You're right: I didn't do any api changes at the moment. I'd like the actual work to be reviewed first before introducing any breaking changes. And yes loading a specific model for your agent is something that would be great to introduce 😄

wrathagom · 2017-06-28T12:29:51Z

So without the ability to load a specific model, this would be a major breaking change for us. When we train a model we put it through an evaluation phase, only after the evaluation is done does a user in our system choose whether or not to activate it. The activation is done by maintain our own list of active models and simple routing request approprietly.

In the end we can hack it either way by just strictly interacting with agents as we have models. Just food for thought.

I'm swamped this week, but may get me or my team involved next week. Either way, we are watching with nervous anticipation.

PHLF · 2017-06-28T12:40:12Z

You don't have to be nervous as my incentive is not to break anything but to remove the need of hacking things you mentioned. By the way it should be easy to extend the http api to request a specific model for a specific agent. Still this is just a PR with no guarantee to be integrated at all 😉

tmbo

Looking good 👍 some minor remarks

tmbo · 2017-07-07T12:33:33Z

_pytest/test_multitenancy.py

@@ -119,19 +115,19 @@ def test_post_parse_invalid_model(client, response_test):
    assert response.json.get("error").startswith(response_test.expected_response["error"])


-if __name__ == '__main__':


Should still have a main method to easily generate the models as these are models we don't want to retrain during the execution of the tests but rather test if we can still load previously trained models.

I call the train() function each time because I had an issue where the test_models trained with python 2 where not loadable with python 3 and vice versa because of pickle (the issue was more specifically related to joblib)

tmbo · 2017-07-07T13:26:39Z

rasa_nlu/data_router.py

+    @staticmethod
+    def _latest_agent_model(agent_path):
+        """Retrieves the latest trained model for an agent"""
+        agent_models = {model[6:]: model for model in os.listdir(agent_path)}


need to remove the magic number (e.g. define "model_" as a prefix constant somewhere and take its length here).

tmbo · 2017-07-07T13:31:25Z

rasa_nlu/data_router.py

        return {
            "trainings_under_this_process": num_trainings,
-            "available_models": models,
+            "available_models": agents,


these aren't models, right? ;)

Right, this was left as is to be matter for discussion: what do we give to the end user?
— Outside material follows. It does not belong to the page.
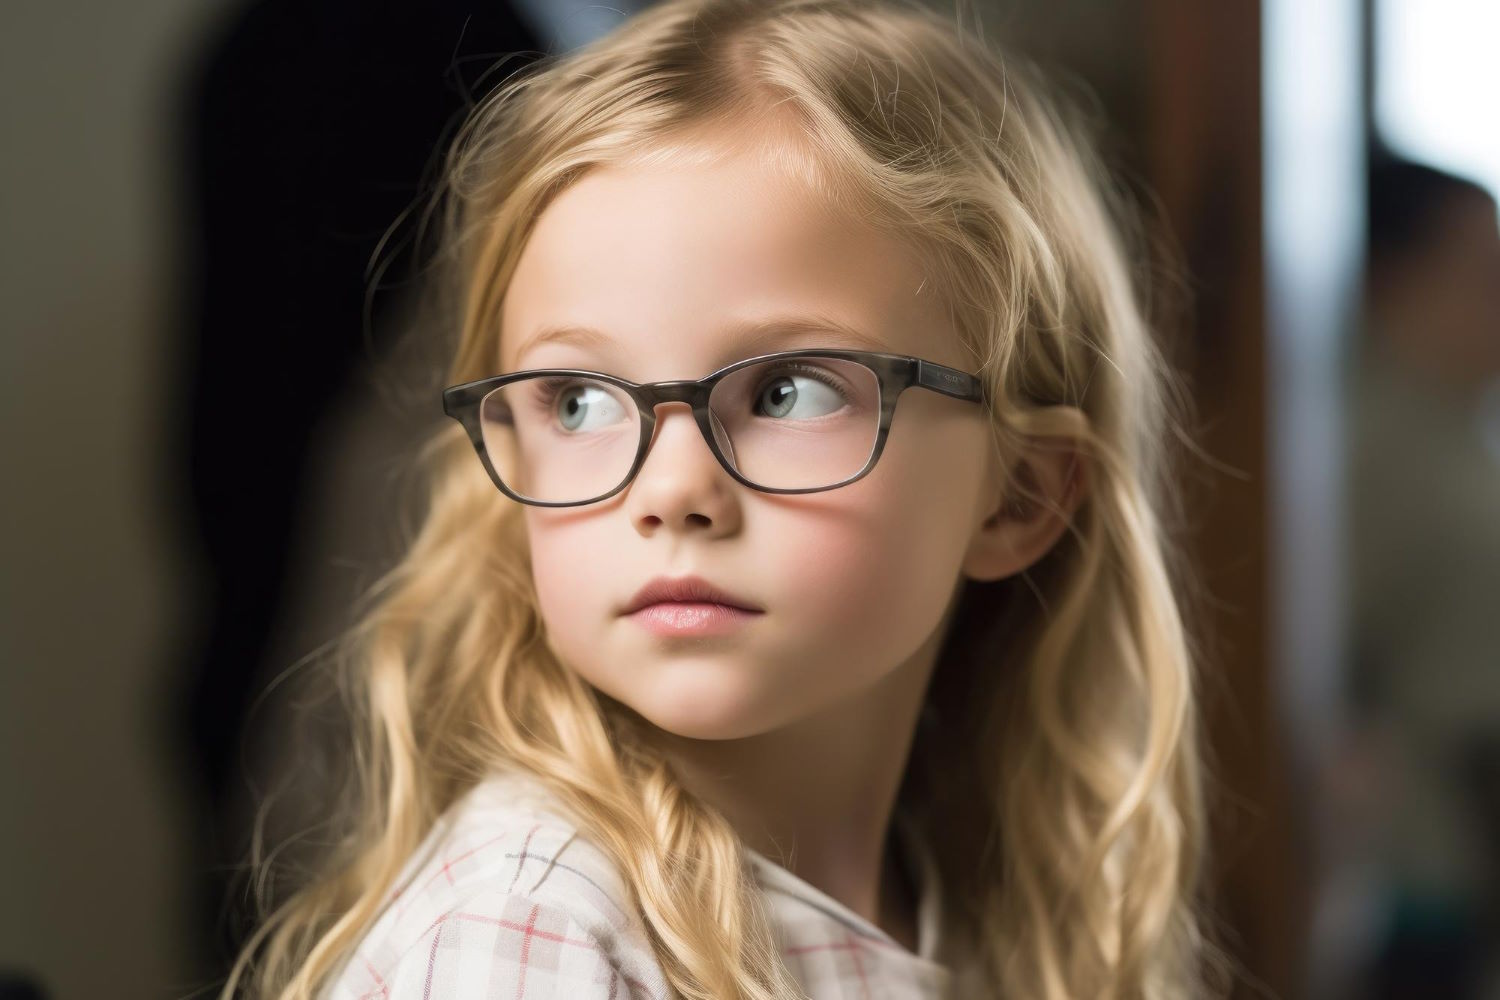 Wybór odpowiednich okularów korekcyjnych dla dziecka może być trudny, ale istnieje kilka czynników, które warto wziąć pod uwagę

Just the list of endpoints

The list of endpoints with the actual model

" " + the endpoints status {ready, training...} (would that be really useful)?

Can we actually get the information for the last one for all the endpoints (if easy that would be great if not its not a big deal)?

What do you mean exactly? Are you talking about the endpoint status or the underlying model?

How I see things:

{ "agent A": { "status": "ready", "default_model": "model_xxxxxx", "available_models": [ "model_xxxxxx", "model_xxxxxx" ] }, "agent B": { "status": "training", "default_model": "model_xxxxxx", "available_models": [ "model_xxxxxx", "model_xxxxxx" ] } }

@wrathagom Would that be enough for your usecase?

PHLF · 2017-07-07T14:46:34Z

@tmbo Do you have any suggestion regarding some http API changes: can I go for loading a specific model for a specific agent?

tmbo · 2017-07-21T15:06:47Z

@PHLF sure that sounds very useful. The only thing we need then is a way for the API user to know which model currently is loaded for an agent.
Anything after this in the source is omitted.